I also have this Spanish novel to read which is really becoming a pain but I don't I have to get it done because I a m giving a presentation about it on Friday...then there is Dance Marathon which is a whole other ball game that I am really ready to be done with. ok...thats enough of my ranting, I wish Jennifer would get here to the foundation so I could go read my book.
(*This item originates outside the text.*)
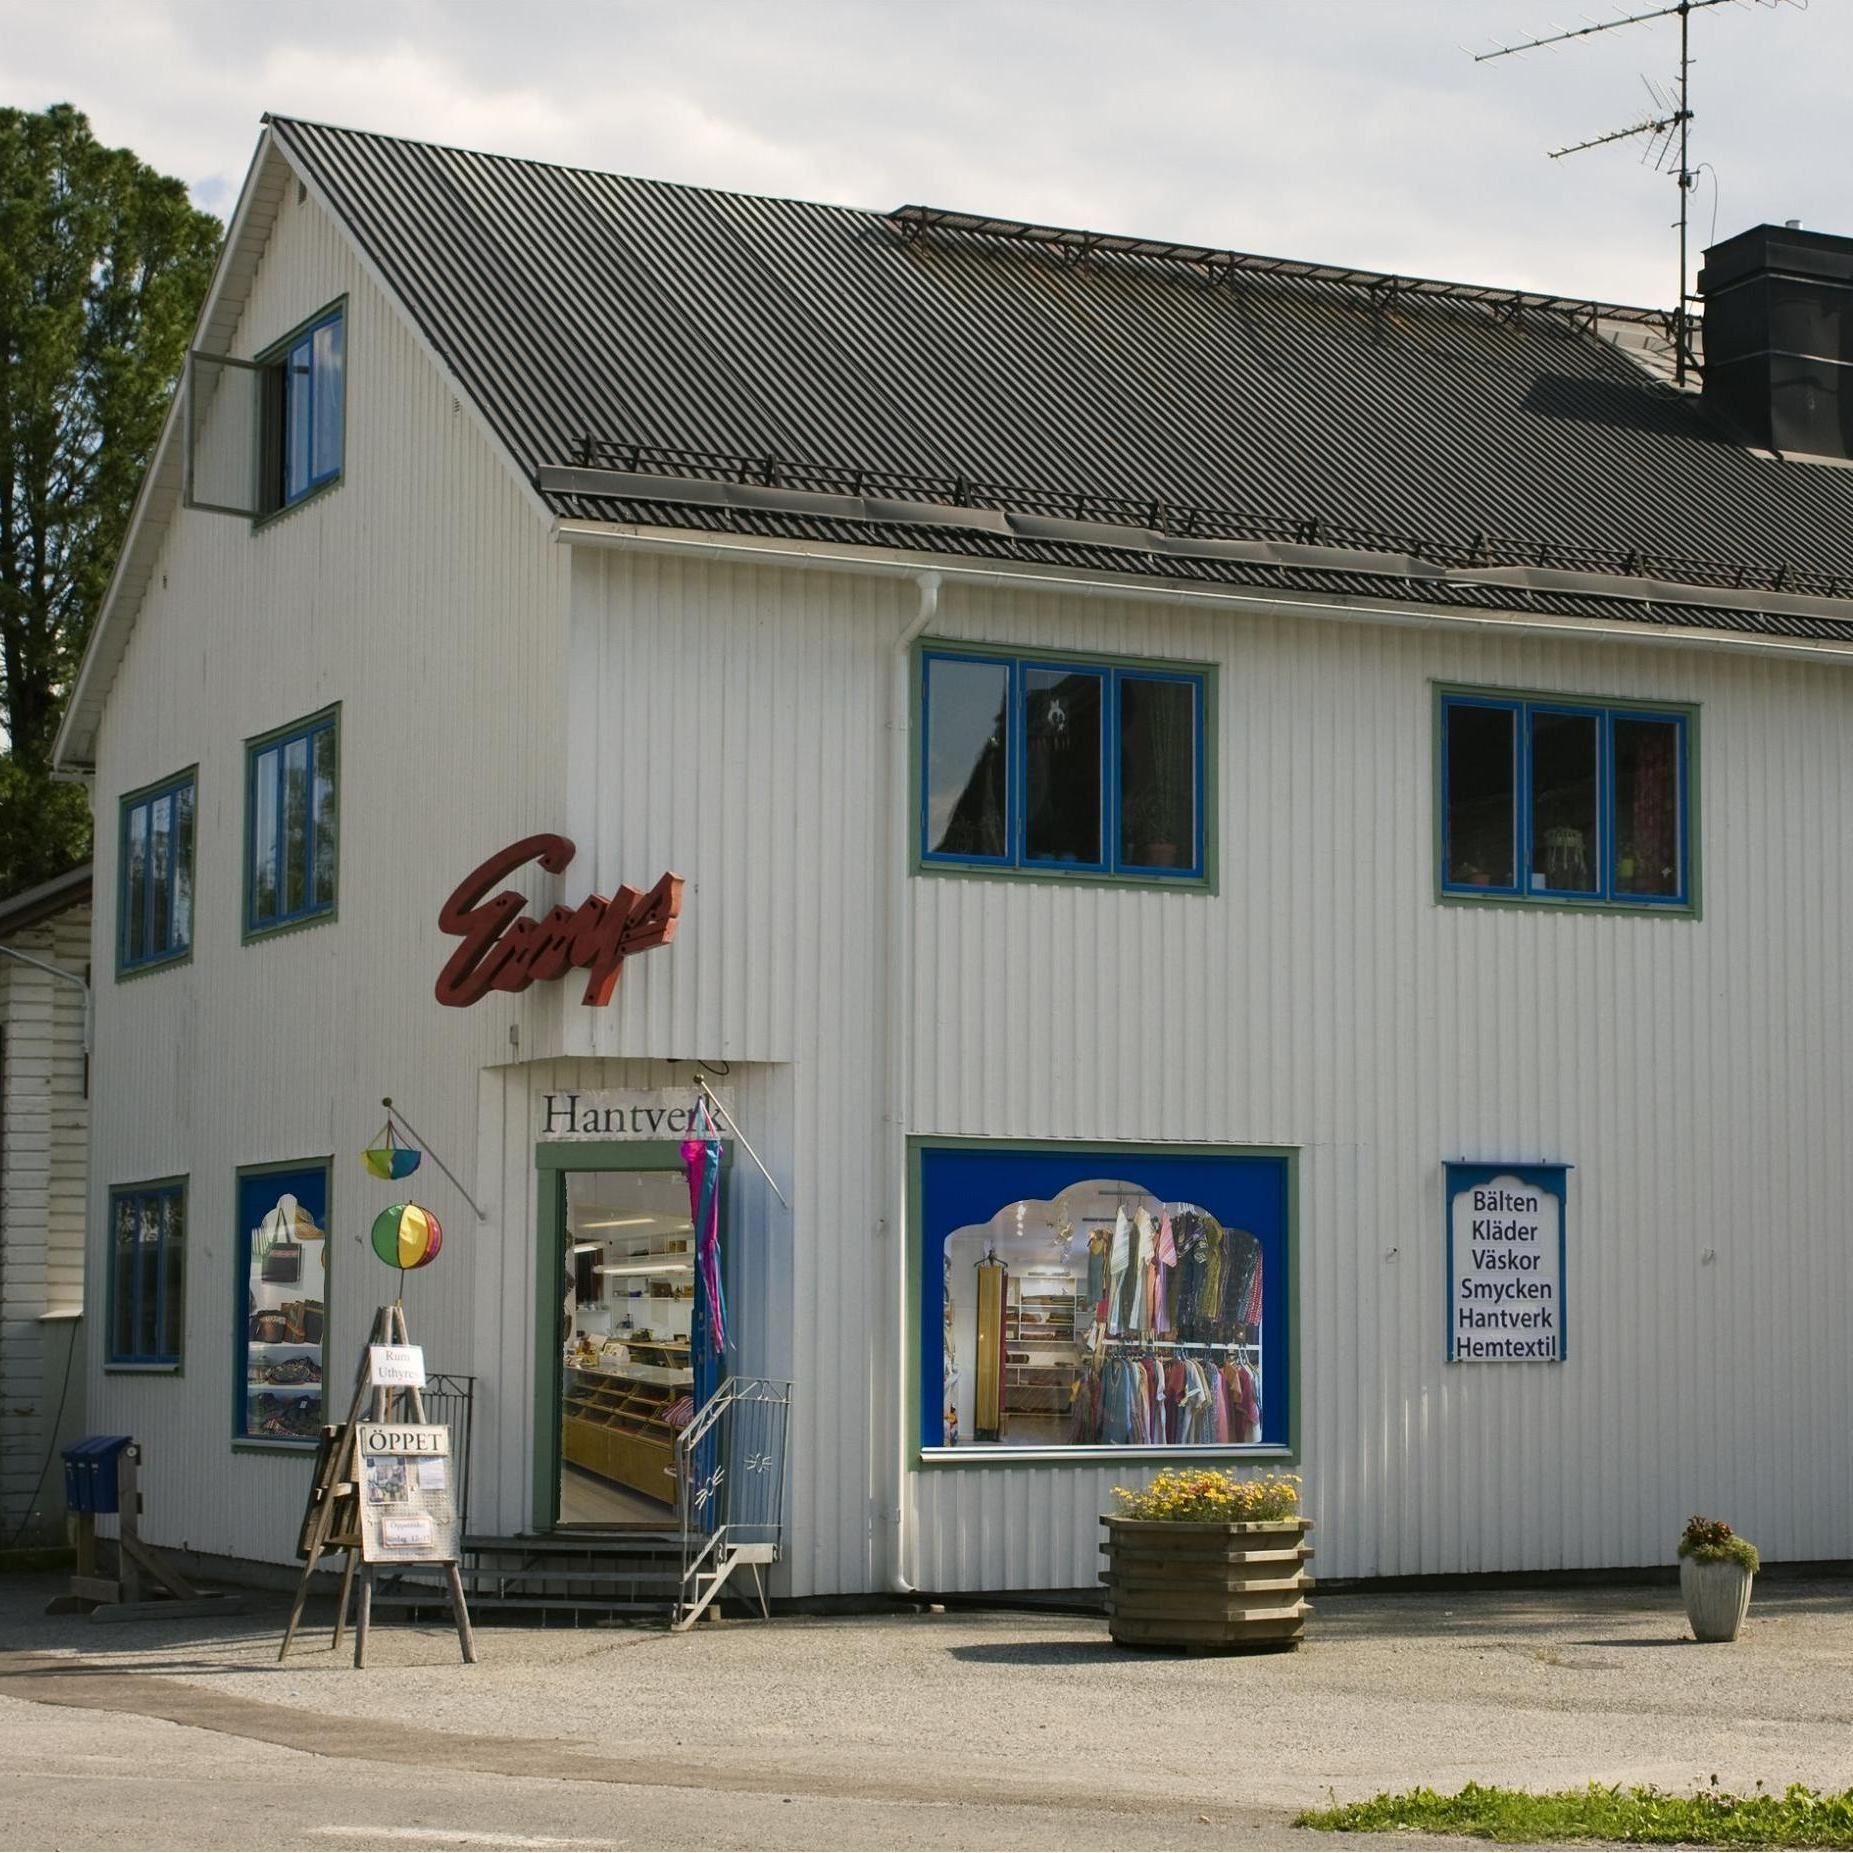 Per Sahlström Essys & Läderjord,  © foto får användas i relevant marknadsföring  av Ångermanland, Essys Hantverk – Rättvist Hantverk

Thursday, February 16, 2006

Hearts, Flowers and a lot of snow

Well, the girls at La Discoteca (aka the Duplex) made off pretty well after V-Day. Three Bouquets of flowers, a bowl of milk duds and malt balls,and a pot of gold from Derek...we all knew we were well loved.
It's snowing like cats and dogs today and is really the first real snow we have gotten since Thanksgiving. For Nebraska being known for its cold winters, we have been spoiled with 60 degree days. Lately have just been trying to make it month to month with money, which is scary seeing as the situation never seems to be getting better. We read a poem by Sir Walter Raleigh in Renaissance Lit., where he discussed how the learned become poor if thats the case then I will probably be out on the street begging by the time I am 30. I have been trying to tell myself that not having much money helps you realize the sweeter things in life, so far I am not convincing myself.
Exciting things of the week: Simon has an interview today to teach at SCC, I got a 98% on a Spanish test(this has never happened before), and Meg's sister is valedictorian at her high school! This is a lot of things to be thankful for even though times may be a little rough.

Tuesday, January 24, 2006

Family Room=Crazy Day

I am currently try to figure out how to get ordering done for dance marathon and it has turned into quite a project, but I think I almost have it all figured out. I have decided that I am going to really need some time to sit and breath after February is all over. In other news, it is confirmed that Simon's little cousin, Zahra is going to be our flower girl. She told her Mom it is her dream come true which made me smile. I think every little girl needs a dream come true so I am glad I helped with that one, I think that about covers things for now.

Thursday, January 19, 2006

New Semster Craziness

My last spring semester..that is very weird to say. Wel I think I have had to use drop/add forms more this semester than ever before but I finally have my spring schedule perfect and I can work all afternoons at the good old NU foundation. I had the wonderful idea of getting up at 5:30 yesterday to swim at the Rec...note to self this is a bad idea because it is cold and dark out. So I have decided I will probably just look the same at my wedding instead of incredibly fit, because I officially hate working out.I am excited about being done with this semester so then I can get married:) yay!